Speech Recognition (ASR)¶

Transcribe spoken audio to text using transcribe() or atranscribe().

Basic usage¶

from khaya import KhayaClient

with KhayaClient(api_key) as khaya:
    result = khaya.transcribe("recording.wav", "tw")
    print(result.text)  # "me ho yɛ"

The second argument is the language code of the spoken language in the audio.
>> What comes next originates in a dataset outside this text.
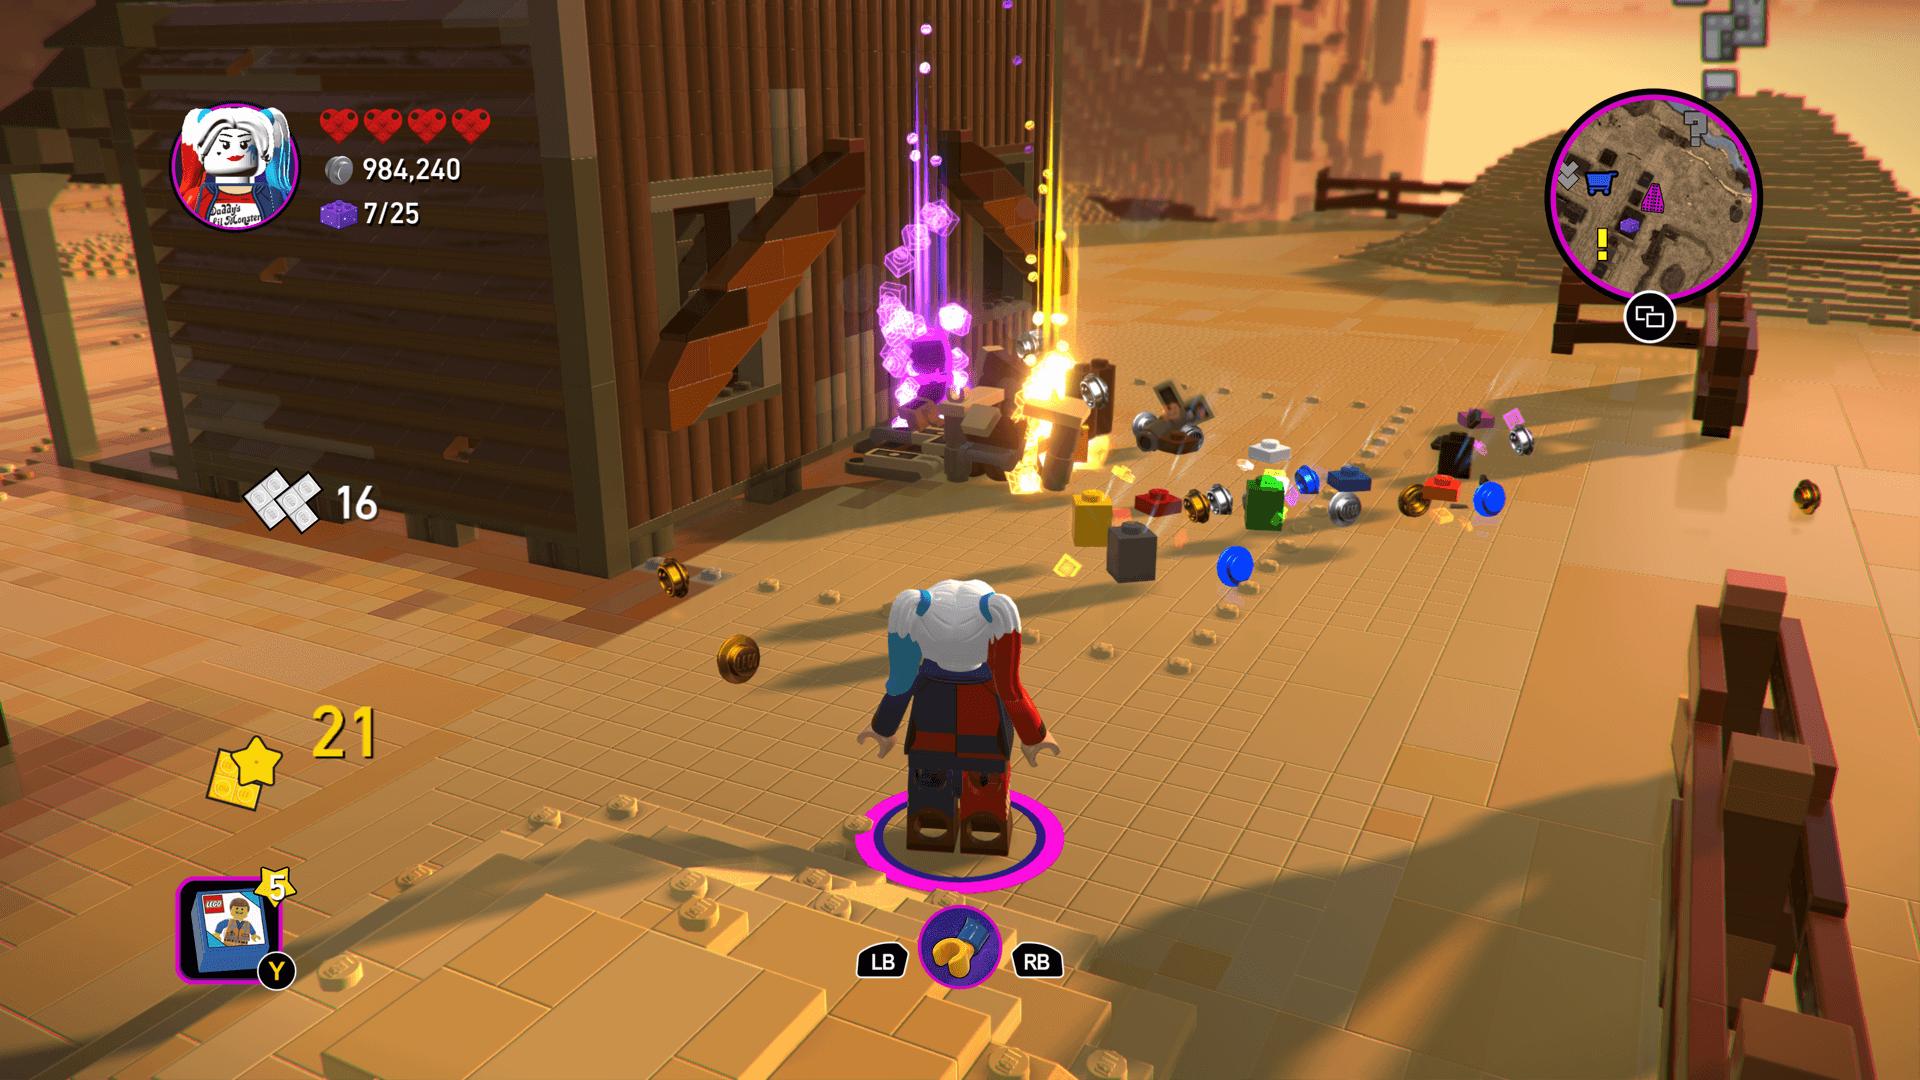 LEGO Przygoda 2 Gra wideo5

transcribe() returns a TranscriptionResult with:

Attribute	Type	Description
`text`	`str`	The transcribed string
`language`	`str`	Language code of the audio (e.g. `"tw"`)

Supported languages¶

Code	Language
`ada`	Adangme
`en_gh`	African English
`atw`	Akuapem Twi
`tw`	Asante Twi
`dga`	Dagaare
`dag`	Dagbani
`ee`	Ewe
`fat`	Fante
`fra`	French
`gaa`	Ga
`gon`	Gonja
`gur`	Gurene
`ha`	Hausa
`ig`	Igbo
`kas`	Kasem
`ki`	Kikuyu
`kon_k`	Konkomba (Likoonli)
`kon_l`	Konkomba (Likpakpaanl)
`kri`	Krio
`kus`	Kusaal
`luo`	Luo
`mam`	Mampruli
`men`	Mende
`mer`	Meru/Kimeru
`nzi`	Nzema
`pid`	Pidgin
`sn`	Shona
`sw`	Swahili
`tem`	Temne
`wal`	Wali
`wo`	Wolof
`yo`	Yoruba

Audio requirements¶

Format: WAV (.wav)
Encoding: PCM (uncompressed)
Sample rate: 16 kHz recommended
Channels: Mono

Convert to the correct format with ffmpeg if needed:

ffmpeg -i input.mp3 -ar 16000 -ac 1 output.wav

Saving the transcript¶

with KhayaClient(api_key) as khaya:
    result = khaya.transcribe("speech.wav", "tw")
    with open("transcript.txt", "w") as f:
        f.write(result.text)

Error handling¶

from khaya.exceptions import ASRTranscriptionError, AuthenticationError, APIError

try:
    result = khaya.transcribe("speech.wav", "tw")
except ASRTranscriptionError as e:
    # Raised when the file is not found or input is invalid
    print(f"Transcription error: {e.message}")
except AuthenticationError:
    print("Check your API key.")
except APIError as e:
    print(f"API error {e.status_code}: {e.message}")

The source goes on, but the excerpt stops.